ALTER (TABLE|VIEW) table_name UNSET TBLPROPERTIES
[IF EXISTS] (key1, key2, ...)
Drop one or more properties of an existing table or view. If a specified property does not exist, an exception will be thrown.
IF EXISTS
If a specified property does not exist, nothing will happen.
ALTER TABLE table_name [PARTITION part_spec] SET SERDE serde
[WITH SERDEPROPERTIES (key1=val1, key2=val2, ...)]
ALTER TABLE table_name [PARTITION part_spec]
SET SERDEPROPERTIES (key1=val1, key2=val2, ...)
part_spec:
: (part_col_name1=val1, part_col_name2=val2, ...)
Set the SerDe and/or the SerDe properties of a table or partition. If a specified SerDe property was already set, this will override the old value with the new one. Setting the SerDe is only allowed for tables created using the Hive format.
Alter Table Partitions
ALTER TABLE table_name ADD [IF NOT EXISTS]

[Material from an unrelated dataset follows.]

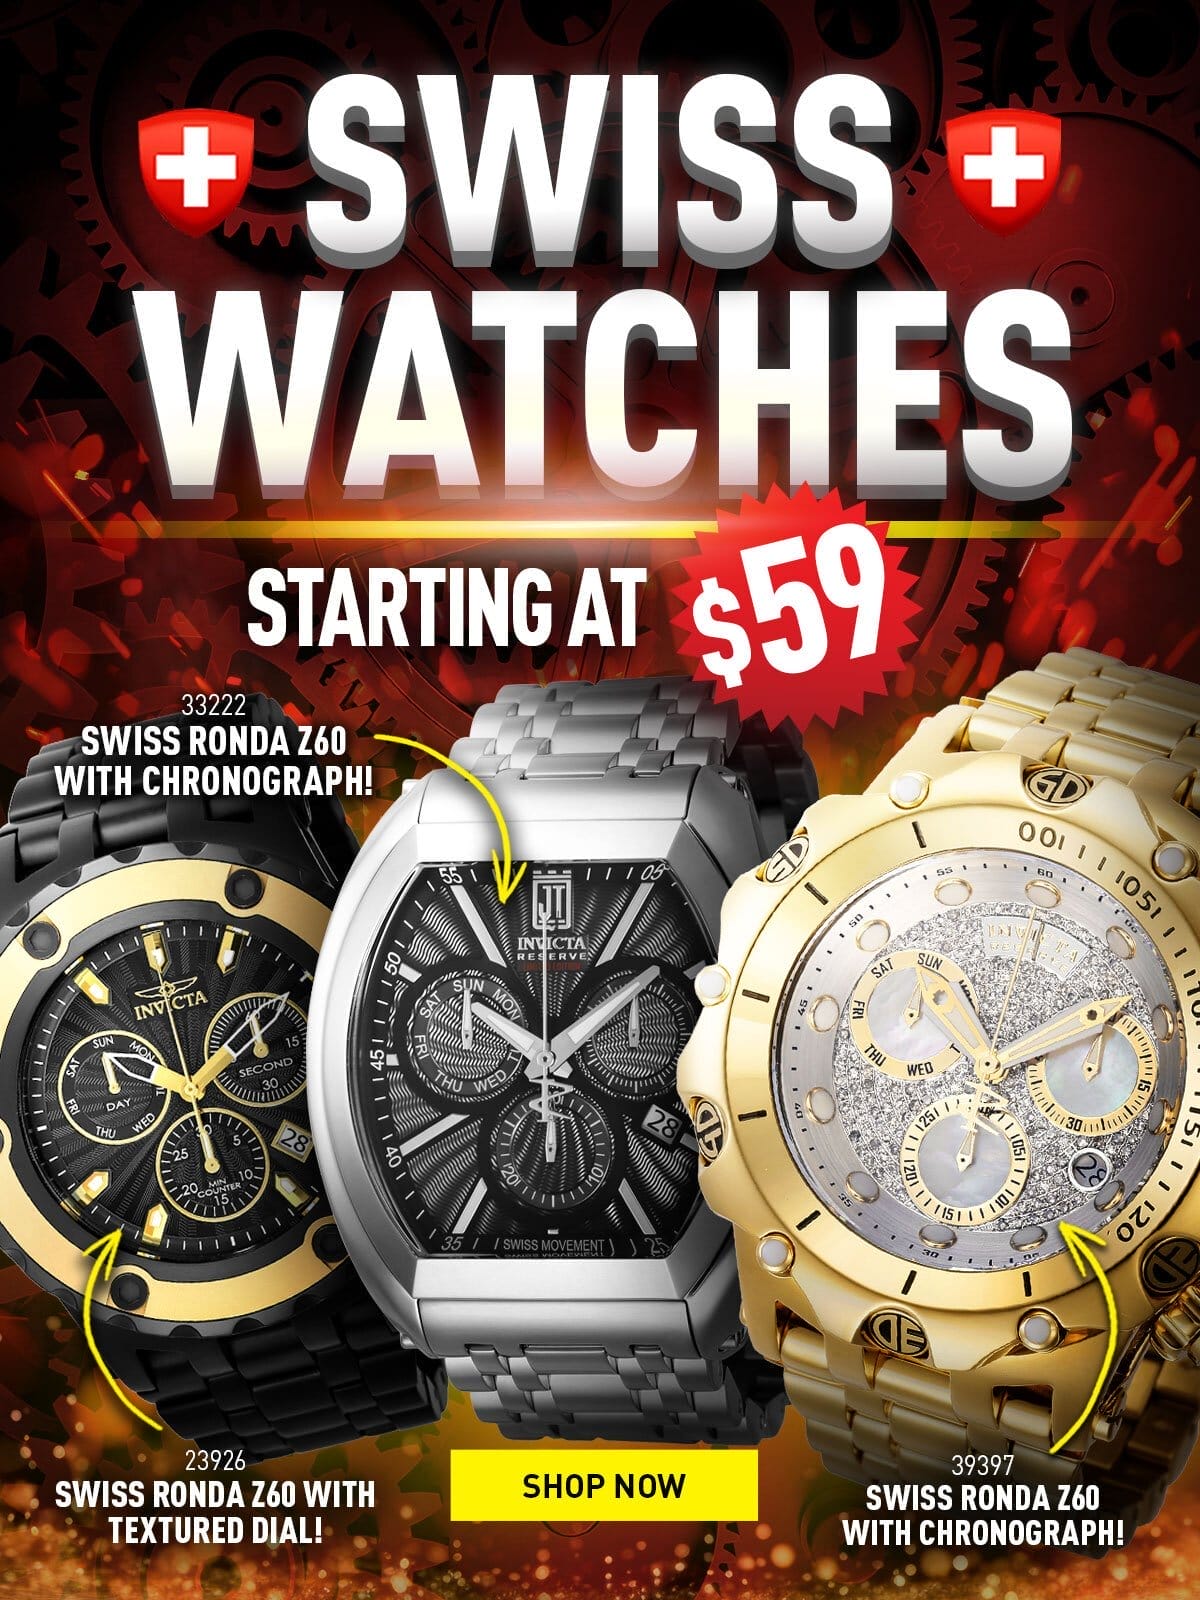 Swiss Watches - Starting at \\$59

(PARTITION part_spec [LOCATION path], ...)
part_spec:
: (part_col_name1=val1, part_col_name2=val2, ...)
Add partitions to the table, optionally with a custom location for each partition added. This is only supported for tables created using the Hive format.
IF NOT EXISTS
If the specified partitions already exist, no action will be taken.
ALTER TABLE table_name PARTITION part_spec RENAME TO PARTITION part_spec
part_spec:
: (part_col_name1=val1, part_col_name2=val2, ...)
Changes the partitioning field values of a partition. This operation is only allowed for tables created using the Hive format.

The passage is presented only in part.